Consider this: 60 percent of marketers say that email is currently producing a positive ROI; an additional 32 percent believe email marketing will eventually produce a positive ROI. These numbers are difficult to ignore.
First up, let’s talk about the quality of your list. Contact lists are for sale, and you can buy them at your discretion to include in your email marketing. But it’s better to grow your own contacts organically. Someone who has responded to an offer, subscribed to your blog or downloaded content from your site in the past is much more likely to use your services in the future. Take the time and money you would use to purchase email lists and instead create white papers, e-books and other downloadable content that will encourage visitors to offer their email addresses.
It goes without saying that it’s best to keep your email schedule fairly regular — and it’s better to err on the side of often so that you stay on your prospects’ radar. To some extent, though, your content will drive your time line. After all, there’s no point in sending an email with no content — or, possibly worse, subpar content. Here are some good benchmarks for when to hit send:
- To announce new content. Develop a content marketing strategy and then follow it! This means producing guides and white papers, maybe even video content. If you want recipients to actually open your emails, you have to give them a reason. Offering them an education is a great way to do this. The next time the people on your list are singling out emails to trash, they’ll remember the value of your content and keep you out of the trash.

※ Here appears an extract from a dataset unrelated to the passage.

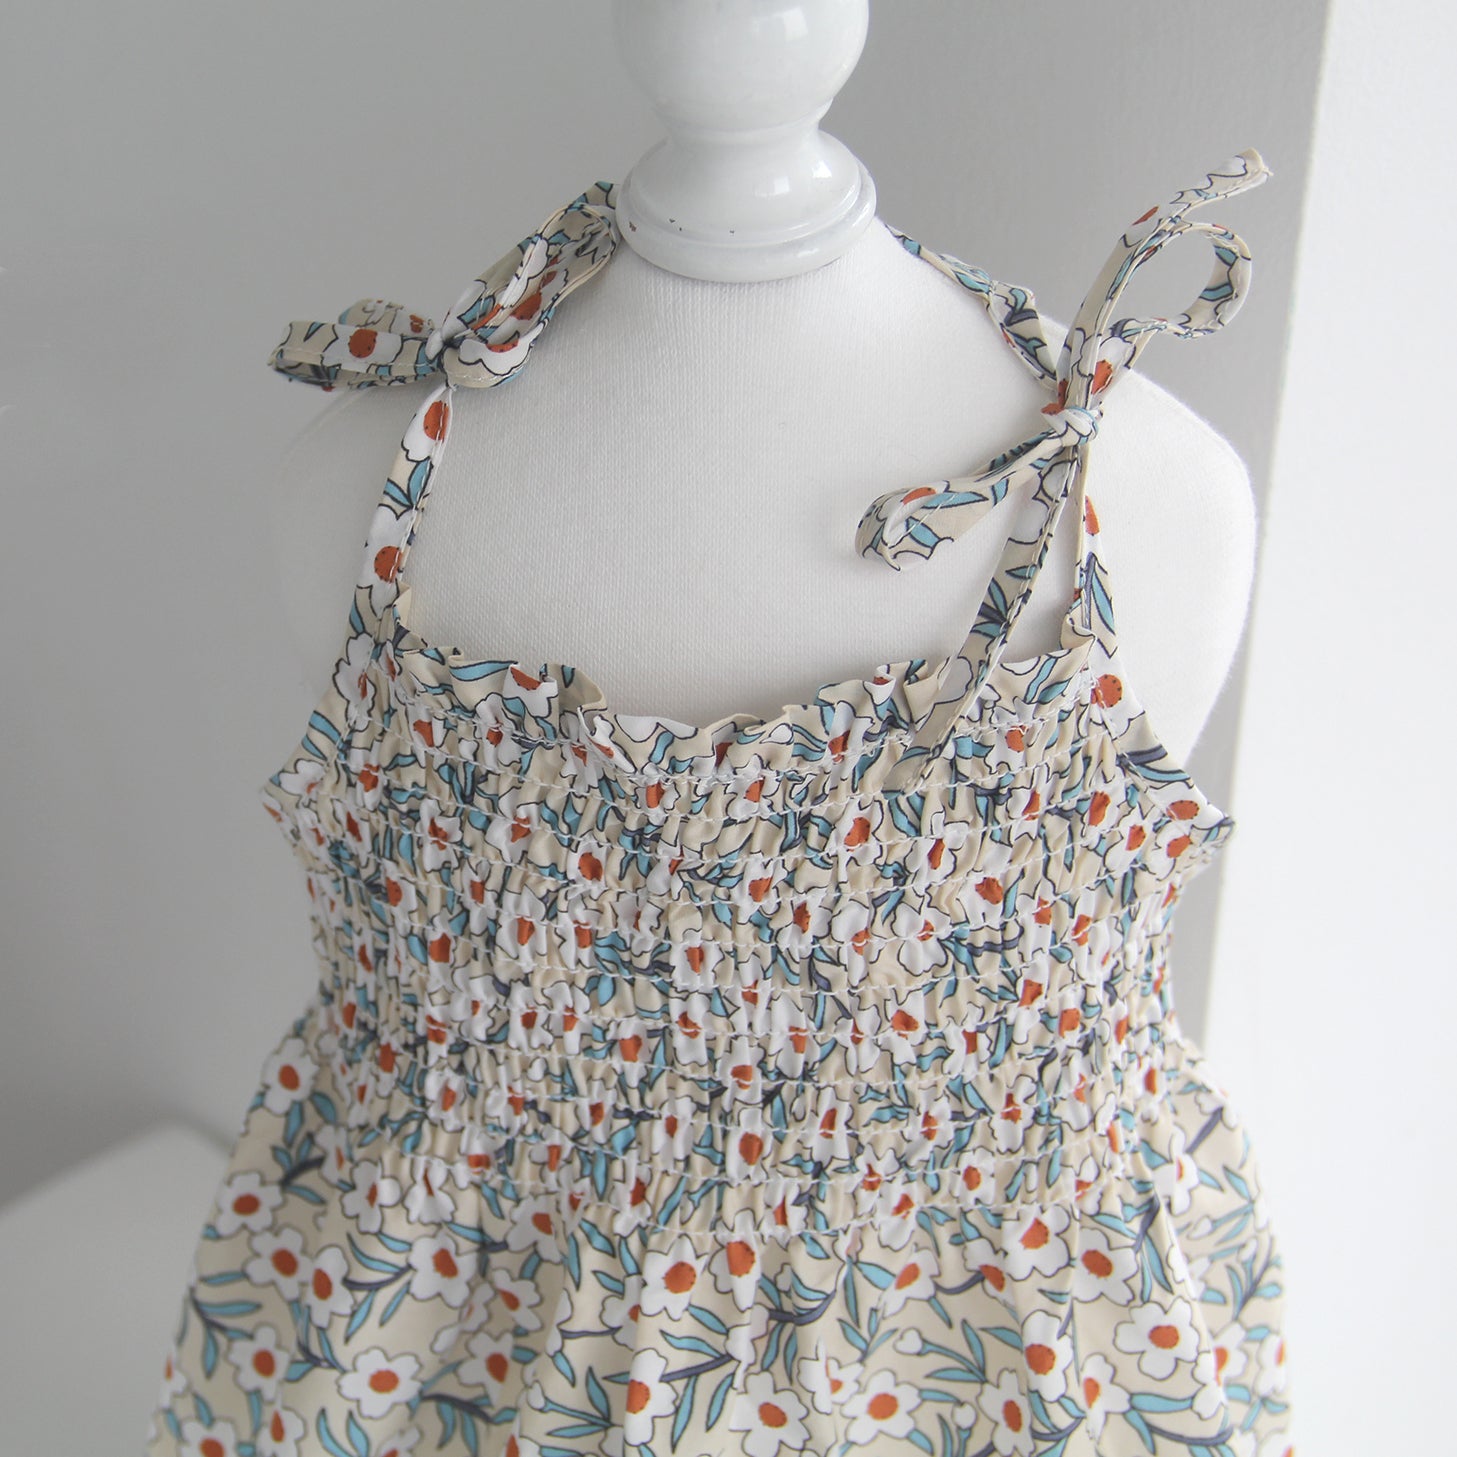 Summer Stretchy Sling Dress (Light Blue/Floral)

- To promote webinars. Like content, there’s value here: things to learn and networks to grow. Because your audience cared enough to get on your mailing list, there’s a good chance a significant number of them will attend your webinar. Not only do you get to present your topic, but you also have the chance to listen to the issues that your prospects bring to the virtual table — and listening goes a long way in creating loyalty.
- To make hard offers. Start a conversation. Send your list an offer for a free consultation or something similar — something with value. This is your chance to shine. Remember, this isn’t about a sales pitch; this is simply sharing. If you push too hard, you risk the relationship. Show them what you’re capable of and that you’re willing to put in the time to learn about the issues they’re facing.

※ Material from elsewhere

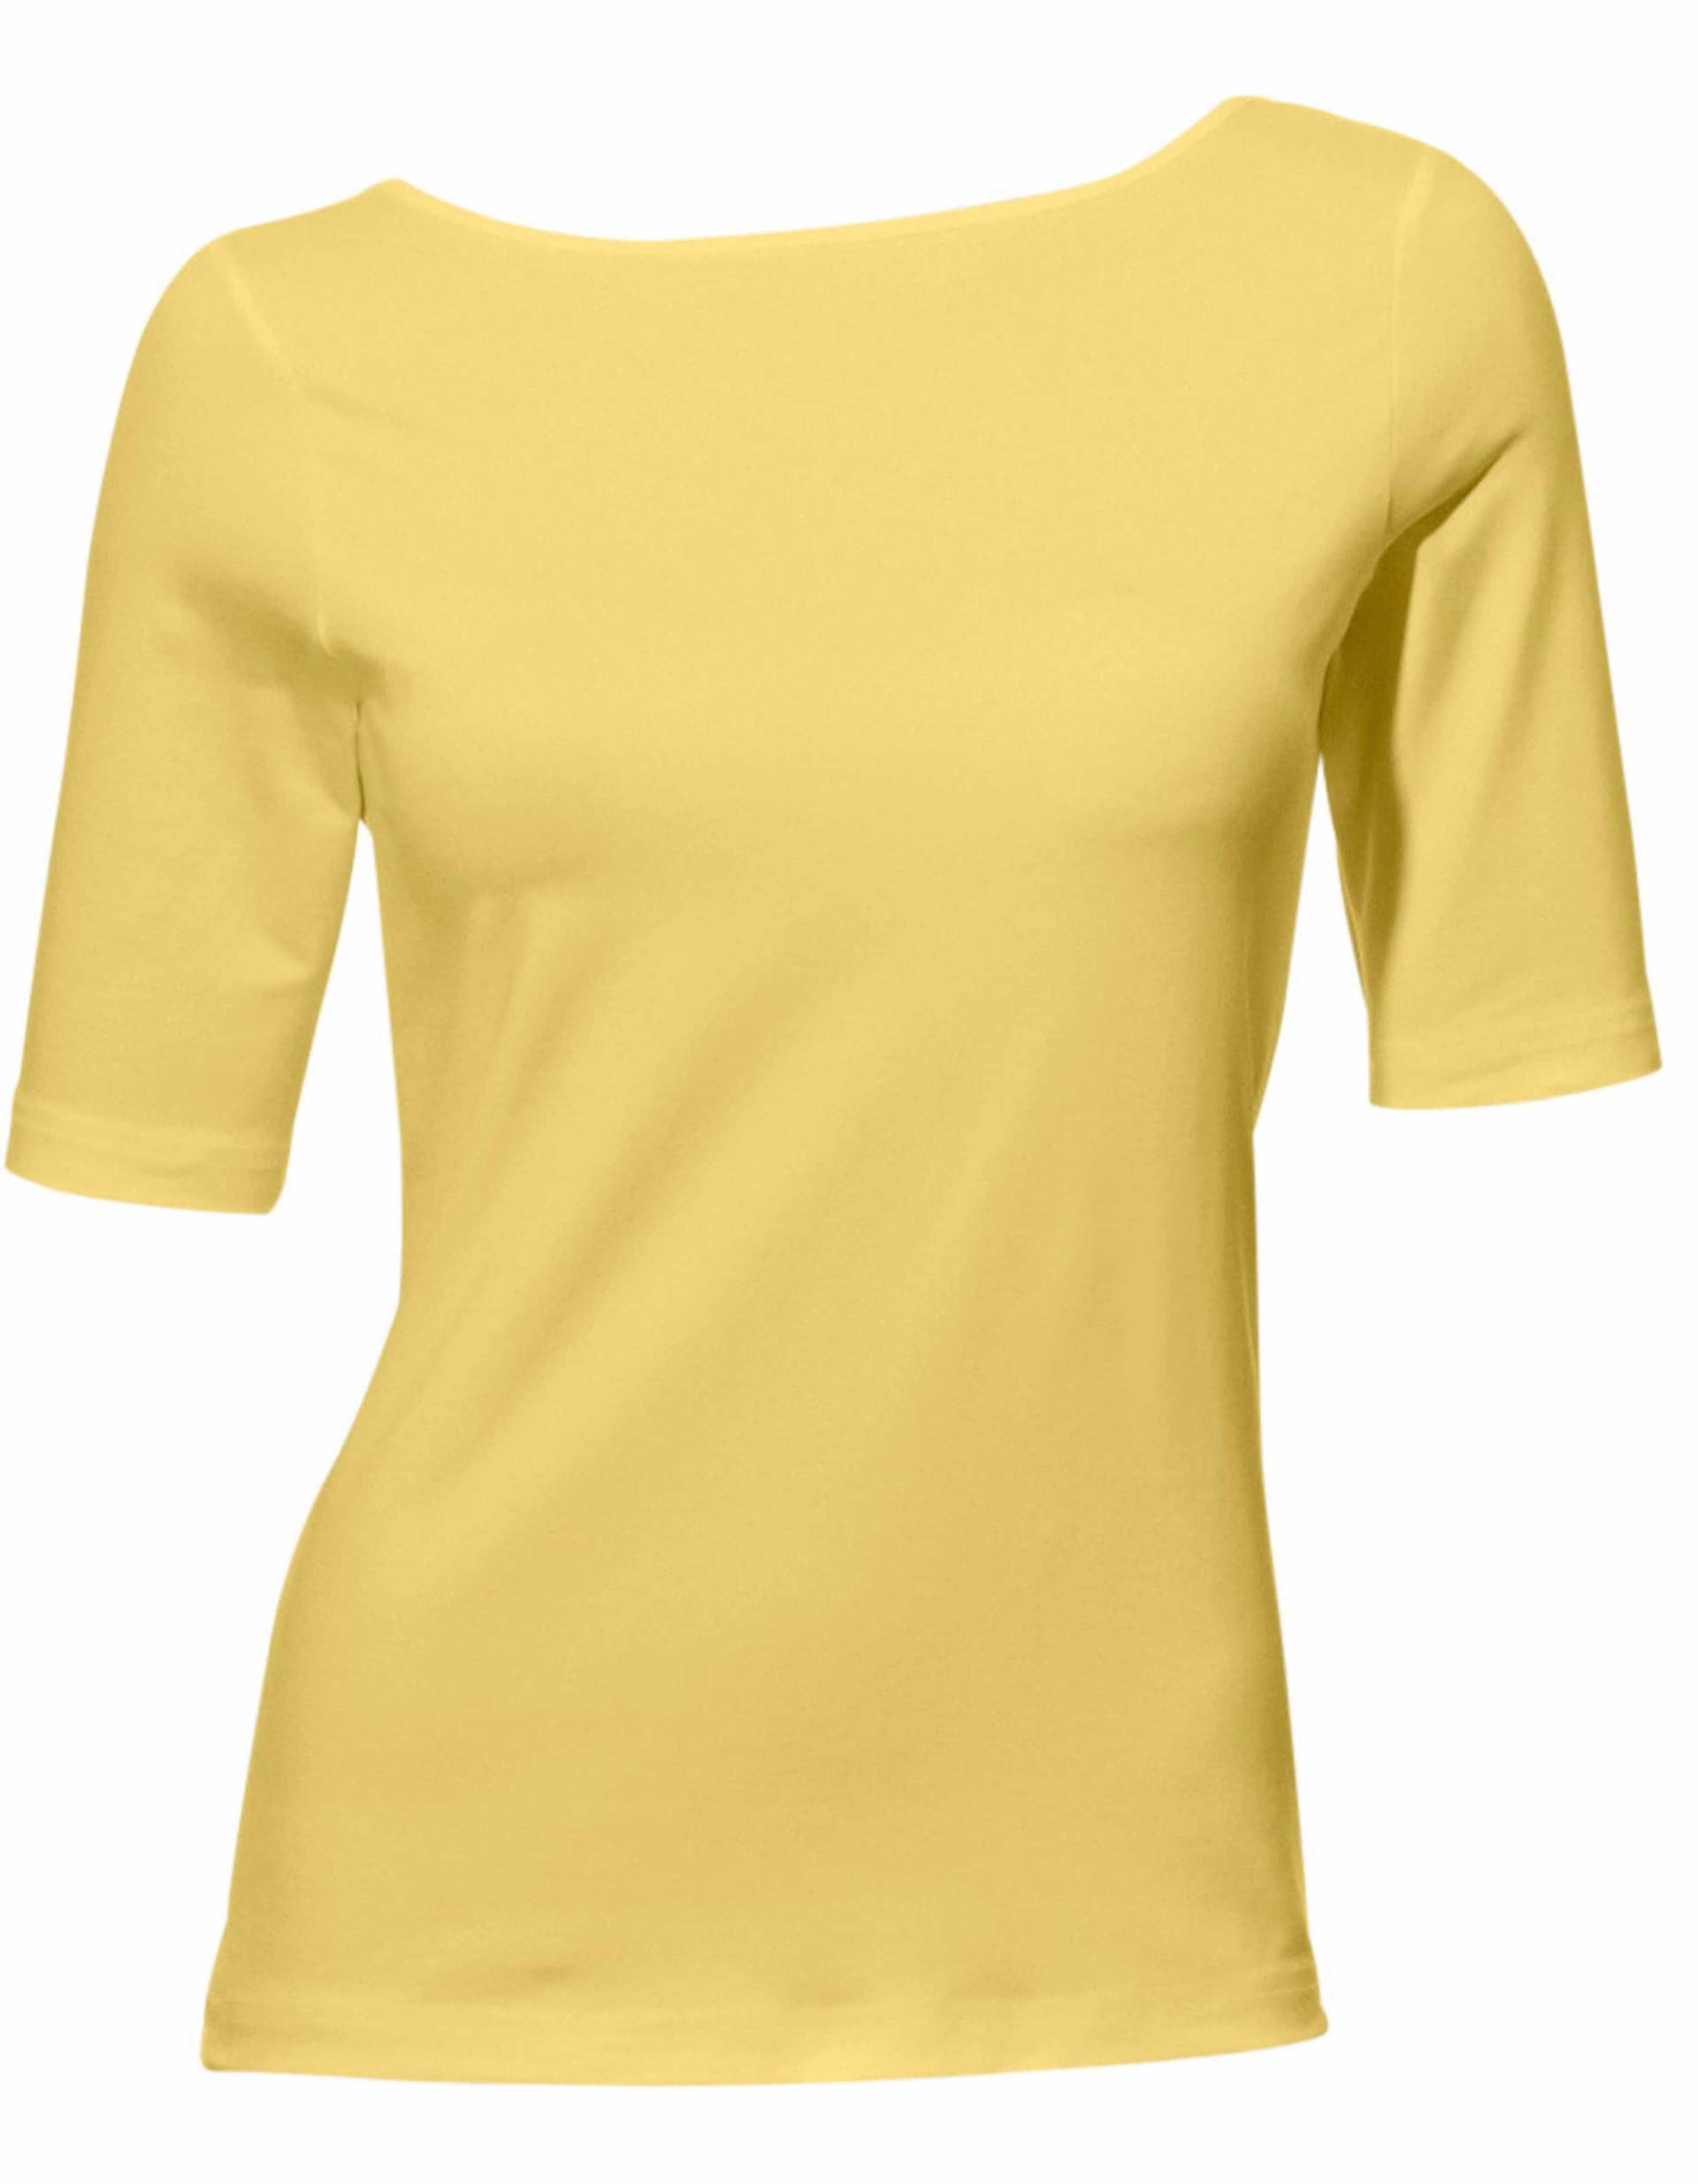 U-Boot-Shirt in gelb von heine

These sorts of events are content/offer dependent, so it’ll be up to you and/or your partner agencies to produce content or create the deals that you’re emailing about. But there are other mailworthy reasons for reaching out that can fill in the empty spaces between content generation:
- Social media aggregation. Remember, not all content has to be yours. Pull together your favorite content from around the Web, preferably related to your services or industry. This will keep your leads informed and will keep your firm top of mind as a thought leader. In essence, you become the gatekeeper to your industry’s trends.
- Blog subscription. Not everyone on your list, including those who signed up through your blog, will be familiar with every post. Pull some favorites and share links to them. Package related posts together. Make your email marketing strategy all about educating your prospects. Doing so will likely grow the number of subscribers to your blog and will once again promote your role as a thought leader in your industry. You’ll be building the trust and familiarity that business relationships thrive on.
Keep in mind as you develop an email marketing strategy that it’s not a substitute for other means of traffic generation, like SEO or content creation. Rather, it’s a means of developing your larger online marketing strategy. Email isn’t the content you’re sharing — it’s one of the ways you share content. But because a solid email marketing strategy is built, first and foremost, around people and firms that have already reached out to you in some way — and are on your mailing list for a reason — it can be one of the most powerful ways to nurture leads and grow your business. The relationship is already there. Nurture it with the proper content, share your insights and build trust and you’ll be well on your way to turning those relationships into new business for your firm.